その他にも、「サイトや書籍から情報を引用する」「様々な引用符の書き方を解説します」「ネット記事から引用しました」「引用文献と参考文献は全く違います」「ツイッターの引用リツイートとは何ですか」などがあります。
引用とは、他人の文章や説あるいは図表などを自分の文章に用いることを意味します。引用には大きく二つの方法があり、「直接引用」は引用元の文献に書かれている文章を場全く変えることなくそのまま引用することで、「間接引用」は引用元の文献を自分自身で要約して引用することです。
「引用リツイート」の意味
上記の例文にあるTwitter(ツイッター)の「引用リツイート」とは、他のユーザーが過去に投稿したコメントを添えて、自分のコメントを追加する機能です。現在、Twitterのサービス名は「X」に変わり、「引用リツイート」の機能は「引用リポスト」と呼ばれています。
引用の対義語
引用の対義語・反対語としては、もとの文章を意味する「原文」などがあります。
引用の類語
引用の類語・類義語としては、他の本に引用された文章をそのまま用いることを意味する「孫引き」、証拠や参考として例に引くことを意味する「引き合い」、引用や引用文を意味する「クオーテーション」などがあります。
抜粋の例文
この言葉がよく使われる場面としては、書物や作品から要所を抜き出すこと、抜き出したものを表現したい時などが挙げられます。
例文2や例文3にある「一部抜粋」(読み方:いちぶばっすい)とは、全体のなかのある部分を抜き出すことを意味します。例文4の「抜粋版」とは、ある書物のなかから主要なところを抜き出して作り替えたものを指す言葉です。
引用の例文
この言葉がよく使われる場面としては、他人の文章を自分の文中に取り入れることを表現したい時などが挙げられます。
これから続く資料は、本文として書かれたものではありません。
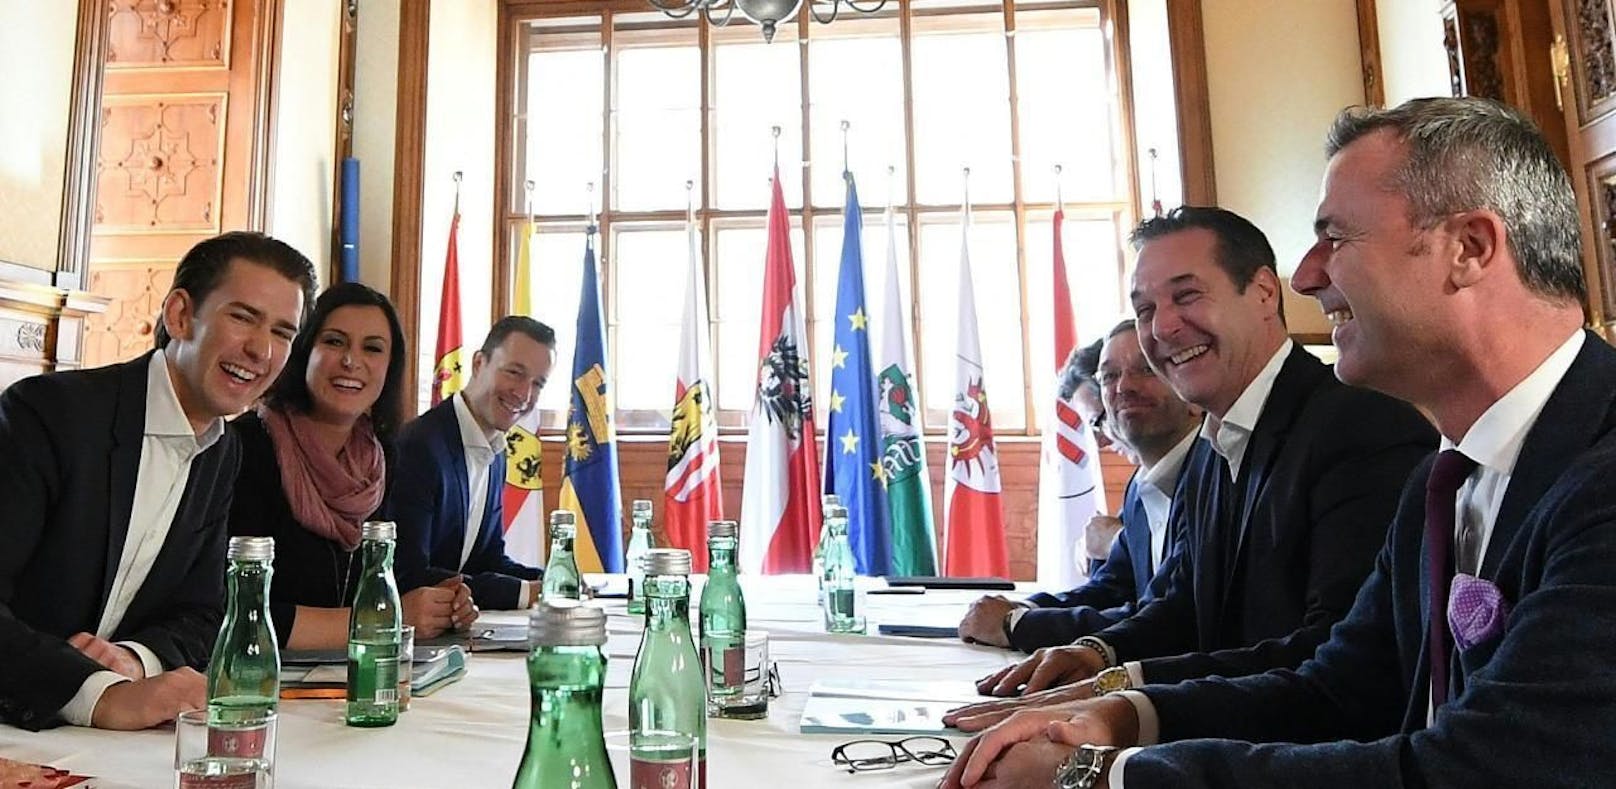 (v.l.) Sebastian Kurz (ÖVP), Elisabeth Köstinger (ÖVP) und Gernot Blümel (ÖVP) sowie Norbert Nemeth (FPÖ), Herbert Kickl (FPÖ), Heinz Christian Strache (FPÖ) im Rahmen der ersten Runde von Koalitionsverhandlungen zwischen ÖVP und FPÖ am Mittwoch, 25. Oktober 2017, in Wien.

例文3にある「引用符」とは、文中で会話や他からの引用などであることを示すためにつける記号のことです。和文の「 」や、欧文の“ ”などがあります。
抜粋と引用という言葉は、どちらも「文章を抜き出すこと」を表します。どちらの言葉を使うか迷った場合、文章を抜き出す作業を表現したい時は「抜粋」を、文章を抜き出して自分の文章に取り入れることを表現したい時は「引用」を使うようにしましょう。